This article demonstrates how to secure a Decisions Container Environment by defining the multiple Environment variables.

Reference Article:
To learn more about Decision Environment Variables, refer to the article Decisions Environment Variables.

Securing connection - HTTPS

Ensure that the HTTPS port 443 is open and that the correct certificate has been saved on the system. Following is the list of variables to enable the HTTPS connection.

Local install must manually edit the container's URL in-browser by adding "https://" before the domain name and ":433" after the domain name e.g., "http//:localhost:443".

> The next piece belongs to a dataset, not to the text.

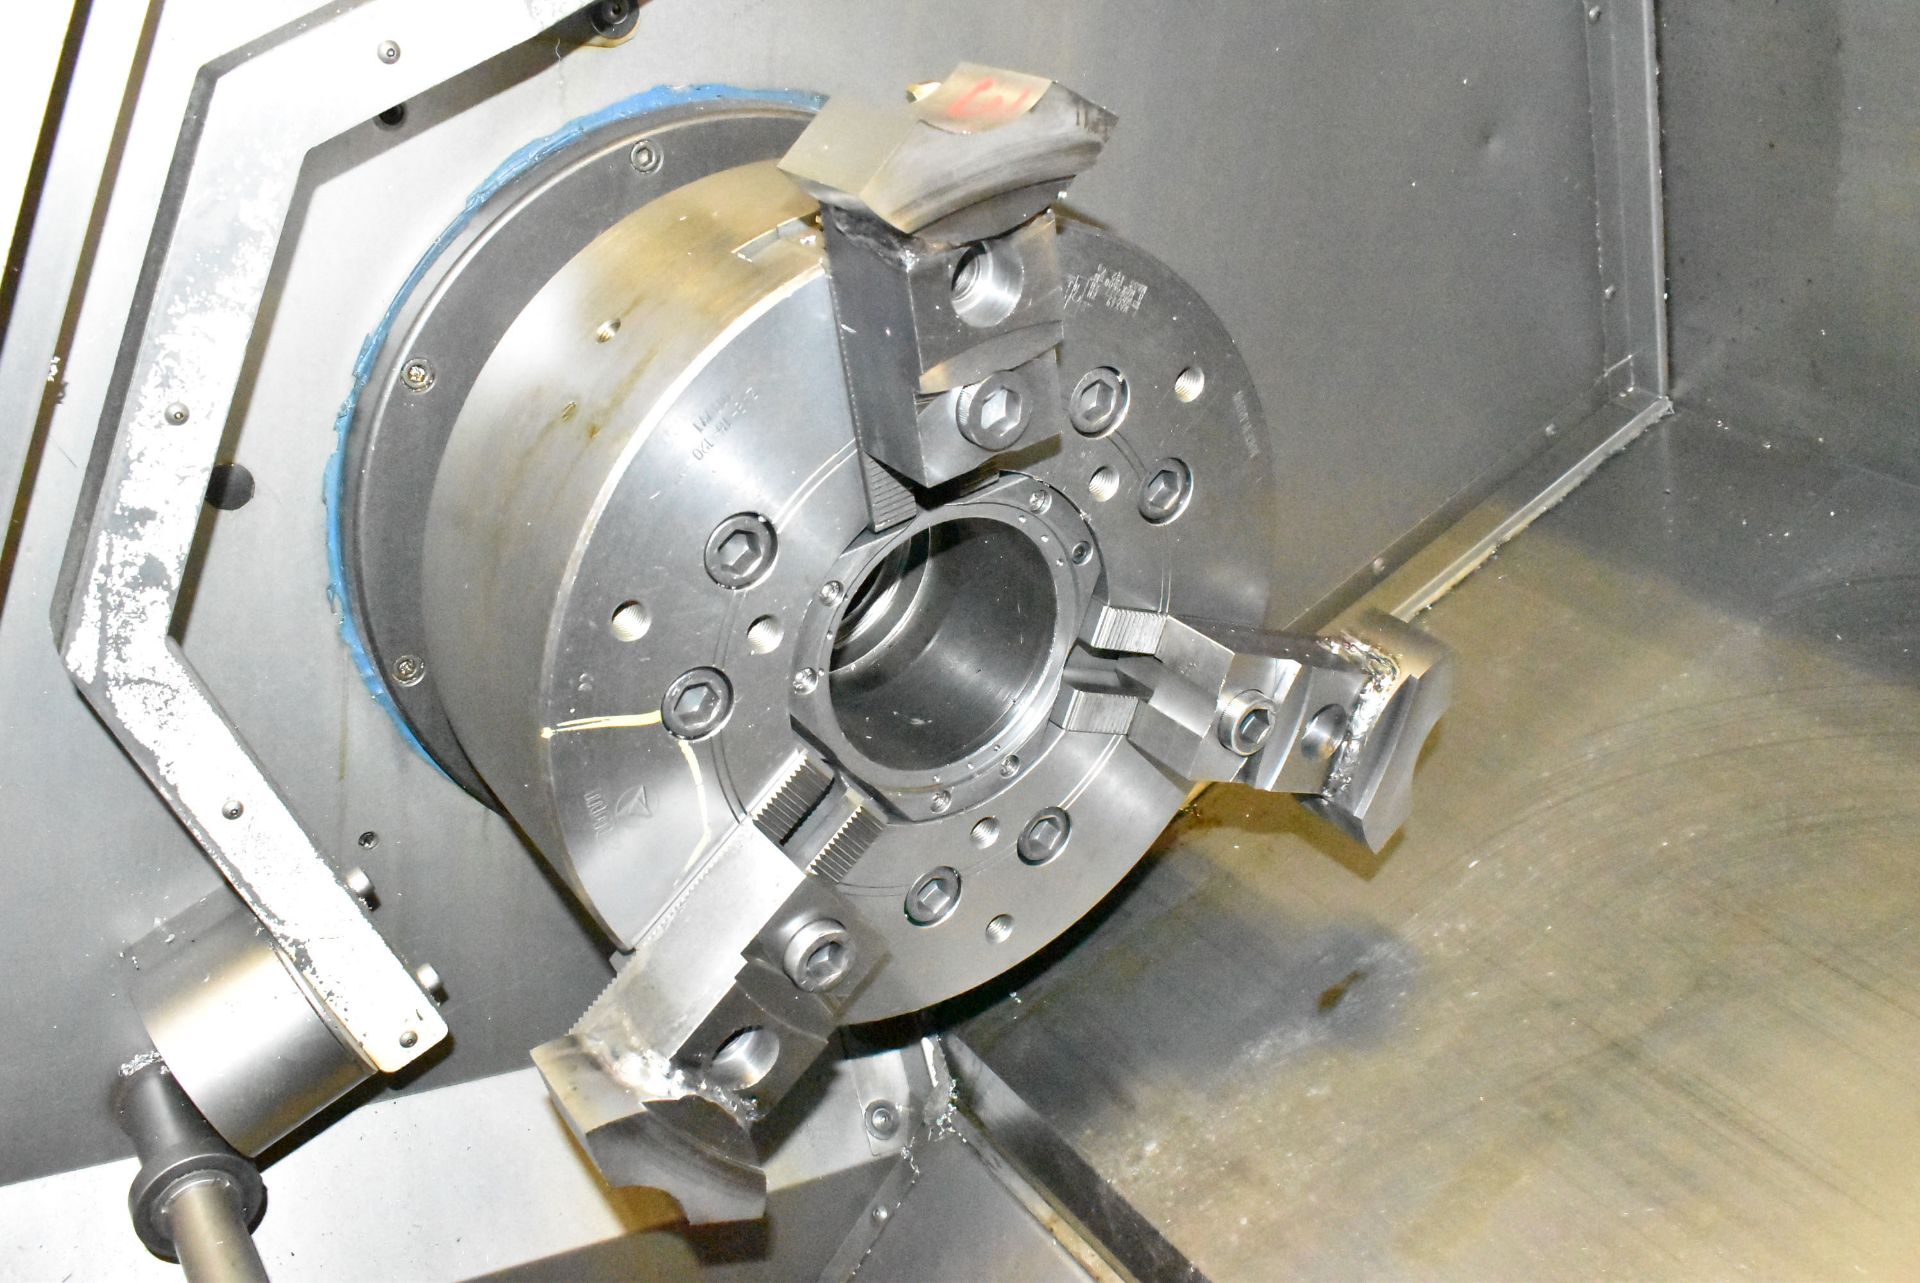 HAAS SL30TB CNC TURNING CENTER WITH HAAS CNC CONTROL, 15" 3-JAW HYDRAULIC CHUCK, 4" SPINDLE BORE, - Image 5 of 8

The browser may display a warning against this redirect. If prompted, select the Advanced button, then select Proceed to continue.

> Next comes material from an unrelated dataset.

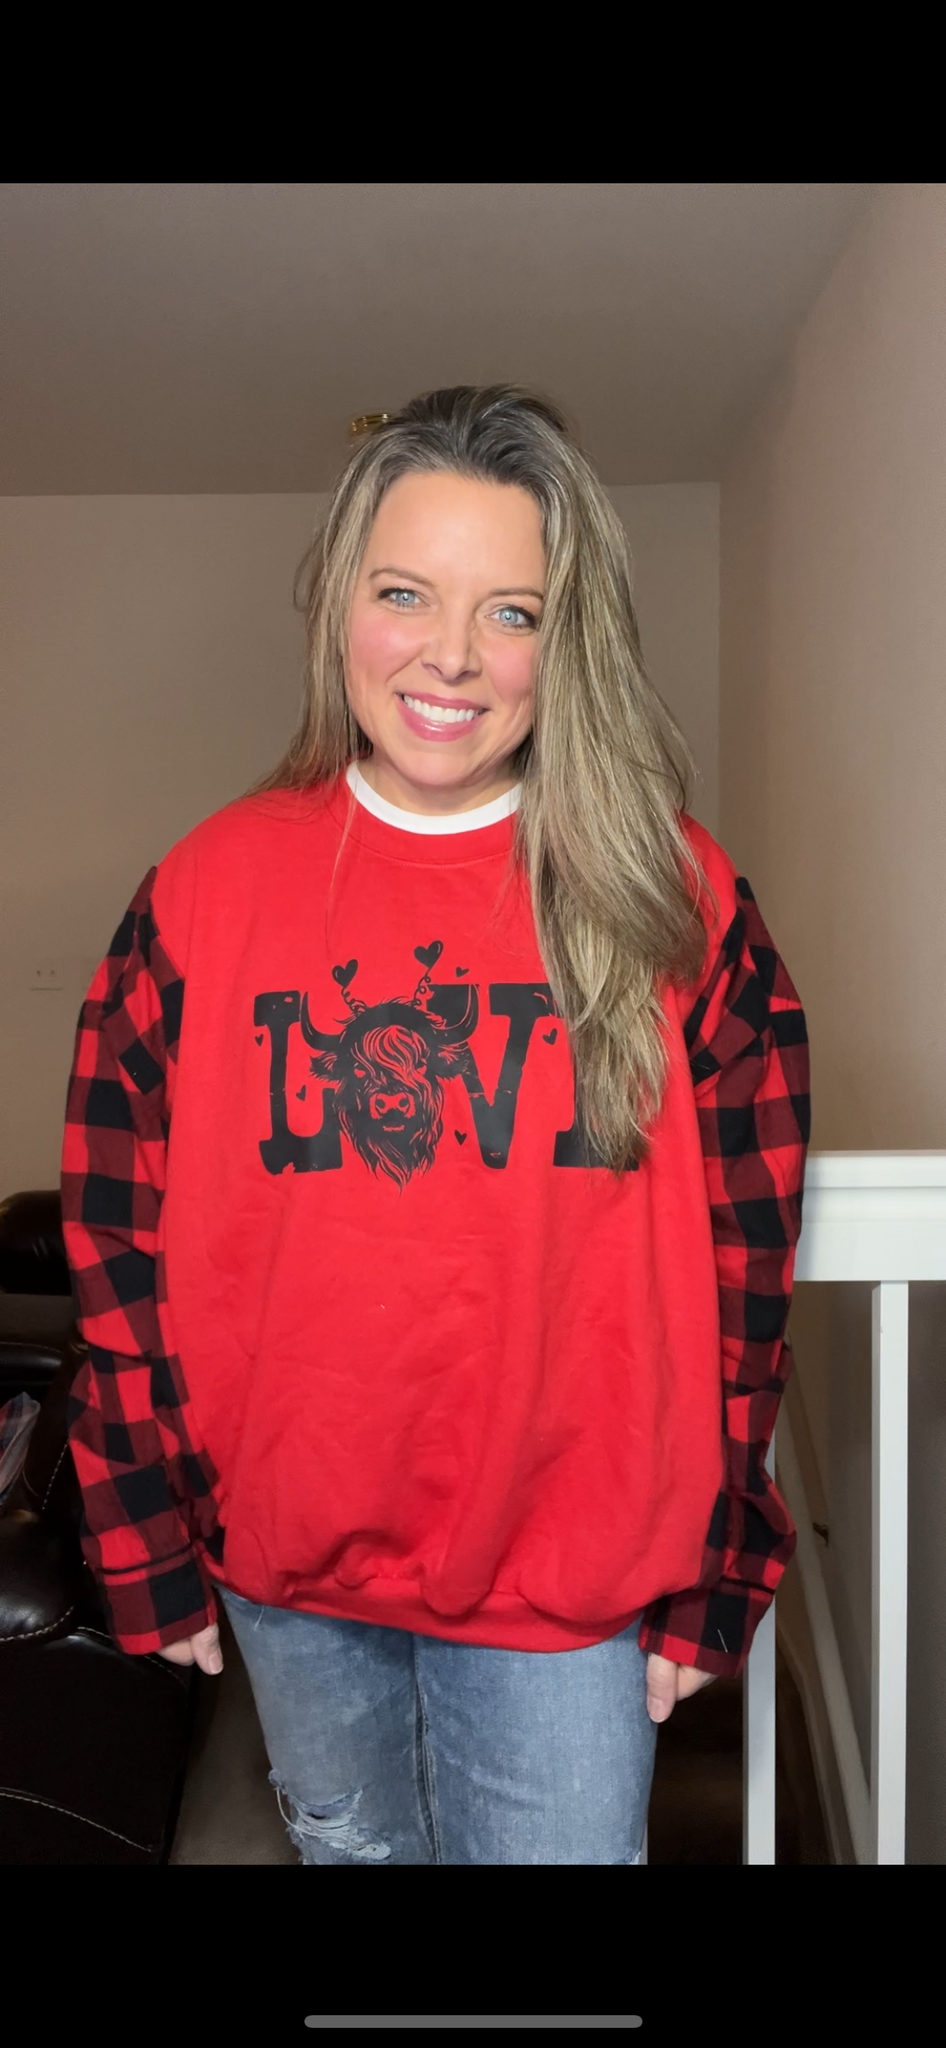 Love Cow – women’s XL – thin sweatshirt with flannel sleeves ￼

DECISIONS_FORCEBASEURI=<PortalbaseURL>
DECISIONS_ENABLEHTTPS=true
DECISIONS_HTTPSCERTIFICATEPATH=<certificate.pfx>
DECISIONS_HTTPSCERTIFICATEPASSWORD=<Certificate Password>
DECISIONS_ENABLEHTTPTOHTTPSREDIRECTION=true
VariableDescription
DECISIONS_FORCEBASEURIThis environment variable must be used if SSL terminates at the Load Balancer. If an ingress controller or load balancer service is in front of containers, this will be used, and no other HTTPS variables need to be configured.
DECISIONS_ENABLEHTTPSThis will allow enabling SSL over HTTP.
DECISIONS_HTTPSCERTIFICATEPATHEnter the name of the SSL certificate (.pfx format only).  By default, this variable will search the certificate in "C:\"
DECISIONS_HTTPSCERTIFICATEPASSWORDUse this variable if the SSL certificate is password-protected.
DECISIONS_ENABLEHTTPTOHTTPSREDIRECTIONThis setting will redirect the connection from HTTP to HTTPS.

Securing Cookies

DECISIONS_DEFAULTSAMESITECOOKIEMODE=<Cookie Value>
ValueDescription
StrictIndicates the client should only send the cookie with "same-site" requests. It is a highly secure option.
LaxIndicates the client should send the cookie with "same-site requests and with "cross-site" top-level navigation. It is a default value.
NoneIndicates the client should disable same-site restrictions. It is the least secure option.

HSTS

HSTS (HTTP Strict Transport Security) is a web security policy mechanism that forces web browsers to interact with websites only via secure HTTPS connections and never with HTTP.

DECISIONS_ENABLEHTTP=false
DECISIONS_ENABLEHTTPS=true
DECISIONS_ENABLEHSTS=true

HSTS on the Subdomain

To support HSTS on a subdomain, users need to add an optional parameter known as includesubdomain. Users need to define custom headers to add includesubdomain on the Environment Variable. Following is the list of variables to be added to enable HSTS on the Subdomain.

DECISIONS_ENABLEHTTP=false
DECISIONS_ENABLEHSTS=false
DECISIONS_ENABLEHTTPS=true
DECISIONS_CUSTOMHEADERS=[{"Name": "Strict-Transport-Security","Value": "max-age=31536000;includeSubDomains"}]

Root Users

Running a container as a Root User is not recommended for production environments. Beginning in v9.17, all Decisions containers by default run as non-Root Users. 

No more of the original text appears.